I could not place when it happened. And like all my memories of her, the edges were hazy.

But I felt certain, knowing what I knew now, that he was wrong in this. “They are not all frauds.”

“Of course not,” he said, clearing away the piles of papers on his desk. “There are a few people like you, most of whose talents languish in a world of peasants and peddlers.”

On one hand, I was flattered by his assessment of me.

On the other hand, I did not like to think of Valerie the way he described.

I remembered the skill of her hands and the wisdom in her eyes.

She had taken me often with her into the forest to look for roots and herbs, and I’d trailed behind, filling my hands and pockets with berries and rocks.

But then I had been a small child. Of course, she had seemed skilled and wise.

I wondered now how true my recollections were, though it felt a betrayal to think it.

“What I am trying to teach you is not the low magic of village witches and wise women, but that of the gods themselves,” Death said.

“I believe you can transcend the limitations of your birth.” He handed me a small piece of chalk and instructed me to draw the shapes I’d been copying from the book of Solomon onto the cleared surface of his desk.

As I focused on the lines, he explained.

“High magic is sometimes called theurgy. The magic of priests. Instead of uniting a sorcerer and the earth, it’s aim is to unite the sorcerer with the gods.

Their power is then channeled through a vessel, one strong enough to give shape and life to the spell.

Every shape and sigil that you draw is part of a structure.

Every object and ingredient you place within the shape gives it further structure, like building walls upon a foundation.

The entire ritual is what creates the place to draw on the divine. ”

“On the divine?” I asked, confused.

“Gods, yes. And other creatures,” he said with a meaningful look.

“The church tries to use this power to deny and cast out the supernatural. We use this power to subjugate it to our wishes. Priests are simply cowards about their own faith, their own power.” I sensed a trace of bitterness in the words.

He spoke of priests, but I kept thinking of the Mother Superior and her eagerness for miracles. It felt like he was describing the same things, but in a different language. “Can this happen in the church, even if it’s not intended to be magic?”

“Yes. Every spell is ultimately a means of henosis—the same goal of mass or prayer. It’s a primordial unity where we no longer exist in the bounds of this realm or this physicality, but in some vast landscape, where all the gods and their creatures move, and their power can be harnessed.”

I waited for him to tell me about that abyss, the remote white heat of far stars, but he did not elaborate further. Instead, he took out the ring of keys and selected a small, twisted black one, using it to open the cabinets lining the walls of his study.

I had seen him open these before, carefully, as if protecting the secrets inside.

Now he threw them open carelessly and I felt emboldened by this show of intimacy.

Inside the cupboard, there were orderly rows of jars and vials and a strange assortment of objects I had no name for—some of them I thought perhaps I did not want a name for.

“What kind of divinity am I supposed to reach?” I asked, twisting my fingers behind my back as he began hunting through the contents.

“The divinity of Moccus.
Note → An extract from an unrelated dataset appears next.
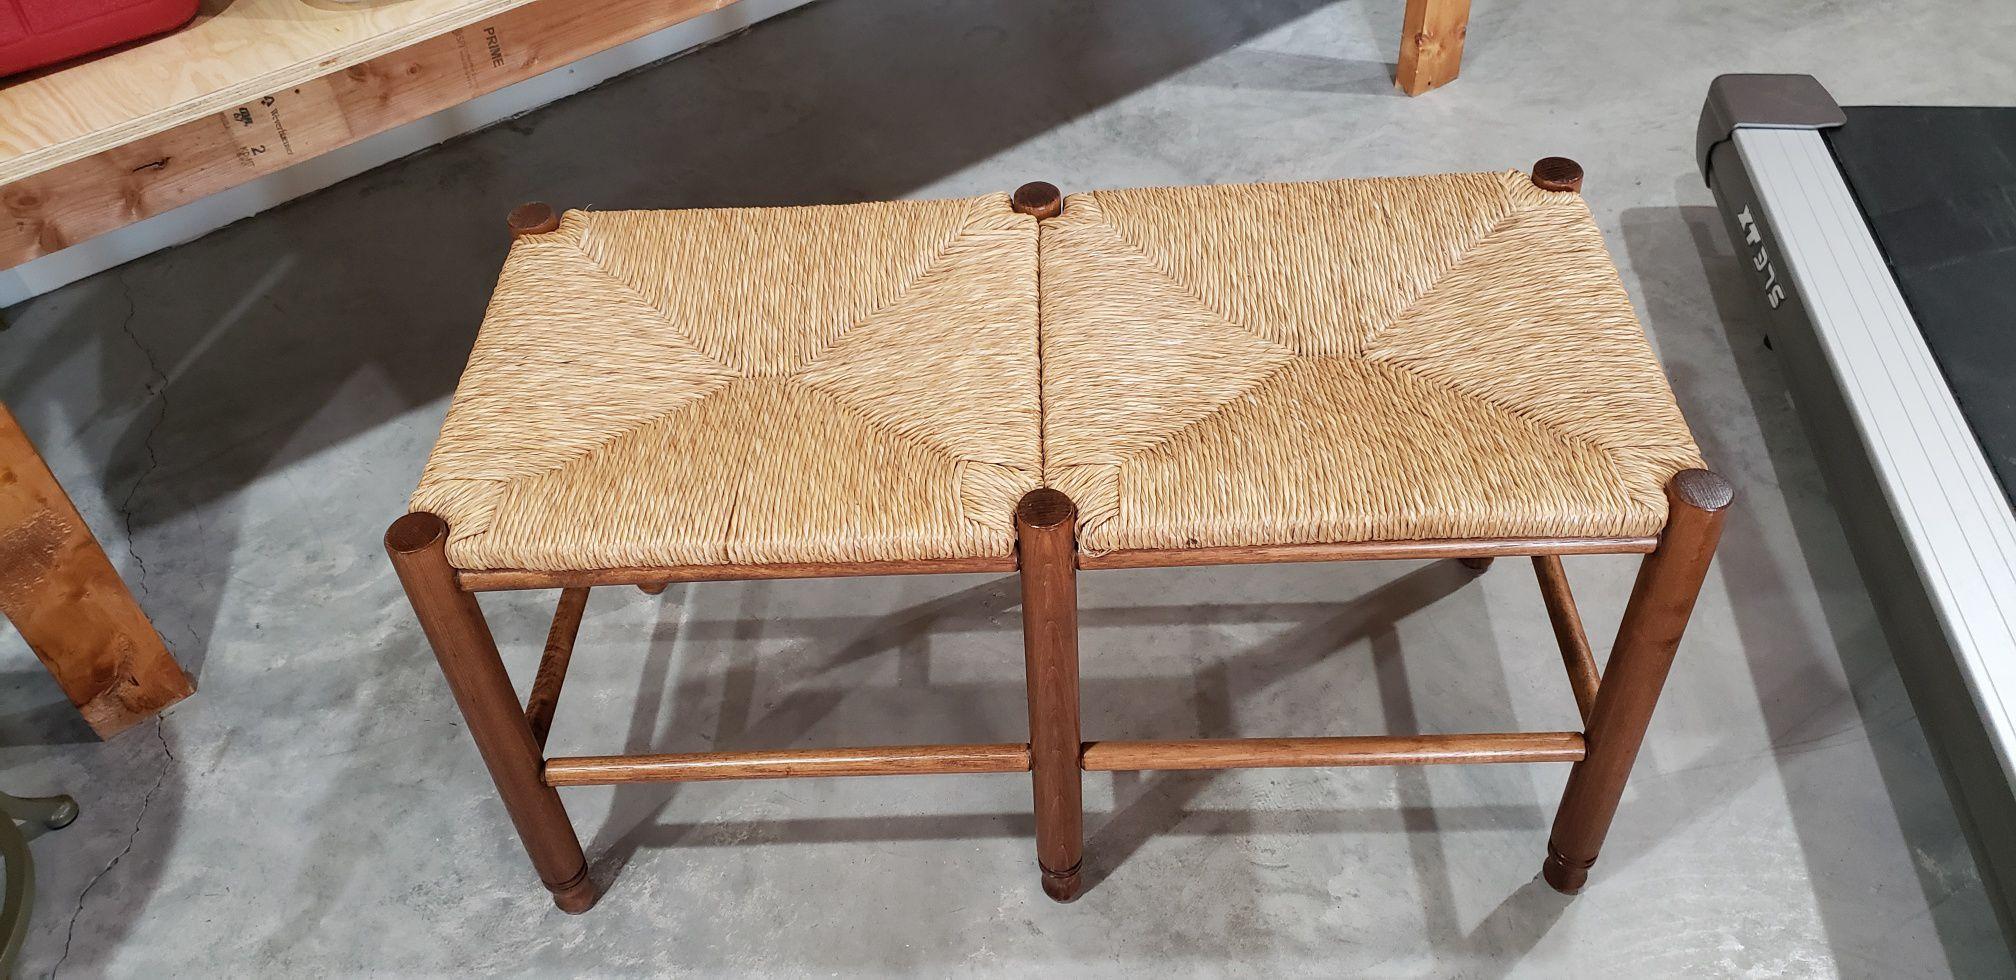 Wood Bench image 1
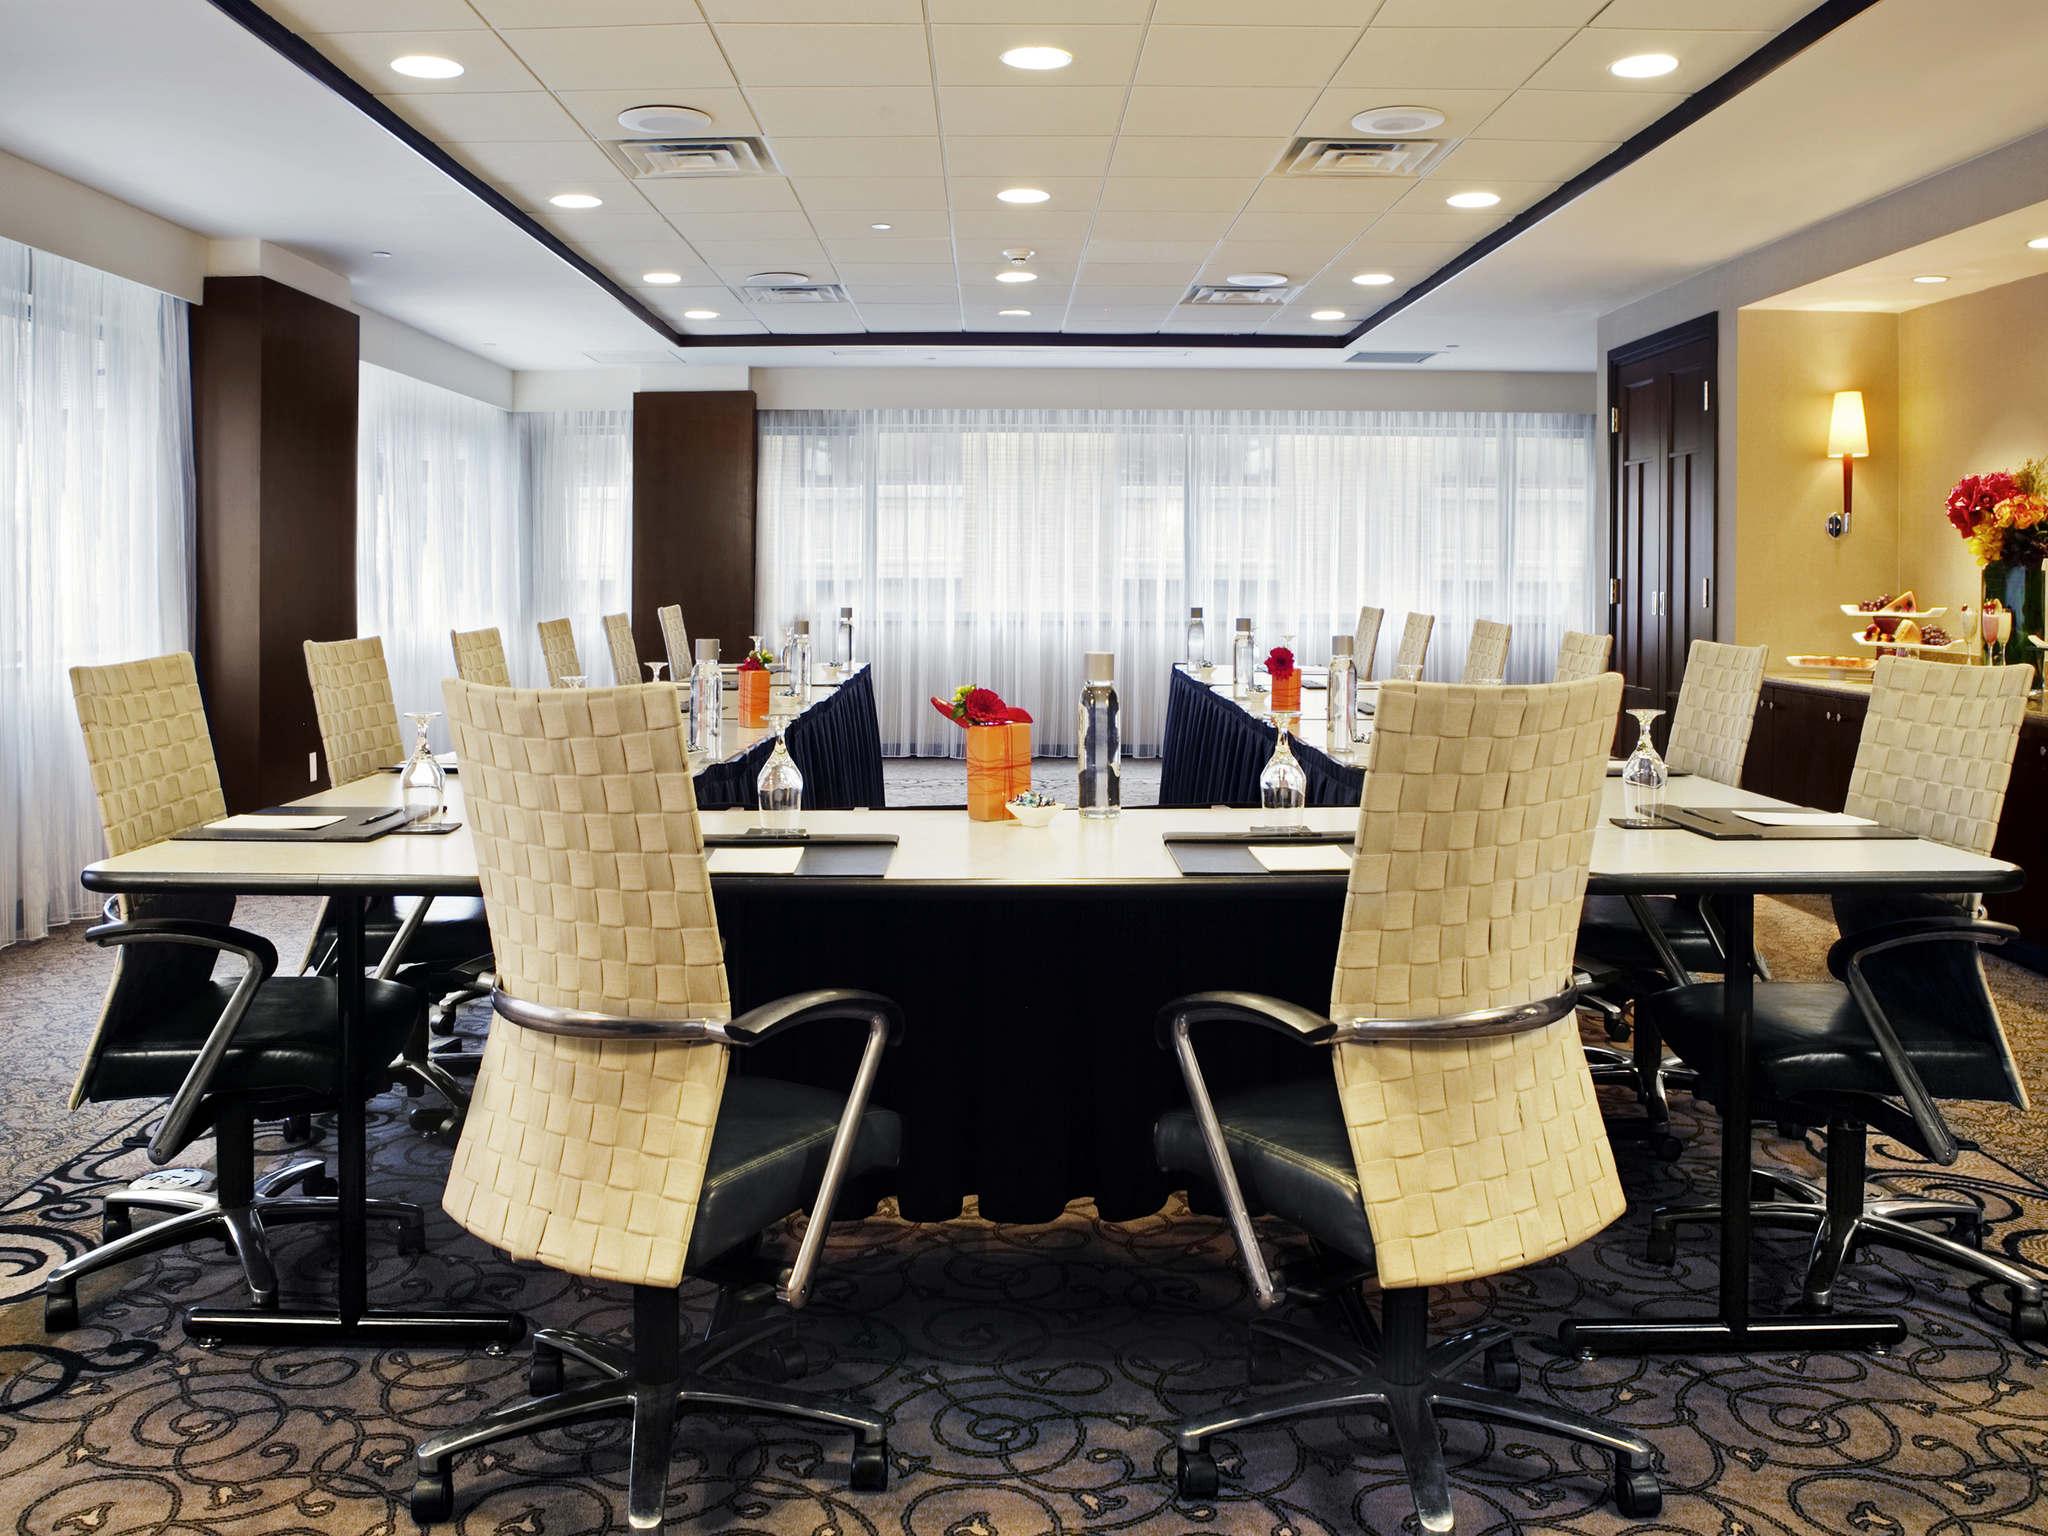 hotel in philadelphia sofitel philadelphia meetings and events sofitel philadelphia

He is perhaps an older god. Or a heavenly protector. I have not met him, but the older gods and creatures, they tend to hide. His name, however, is inscribed on a votive in Langres. It means pig or boar or perhaps even pigheaded.” He pulled a jar out of the cupboard.

It was filled with a viscous looking liquid in which a small, curled pig was suspended.

I backed up immediately, unable to hide the horror on my face.

“Do not be childish, Salomé,” he chided me. “Do you forget the work of Death?”

He held out the jar, and my stomach squirmed to even think of touching it. I could see the pale eyelashes and the curled body, and I did not want to think of how it had been acquired.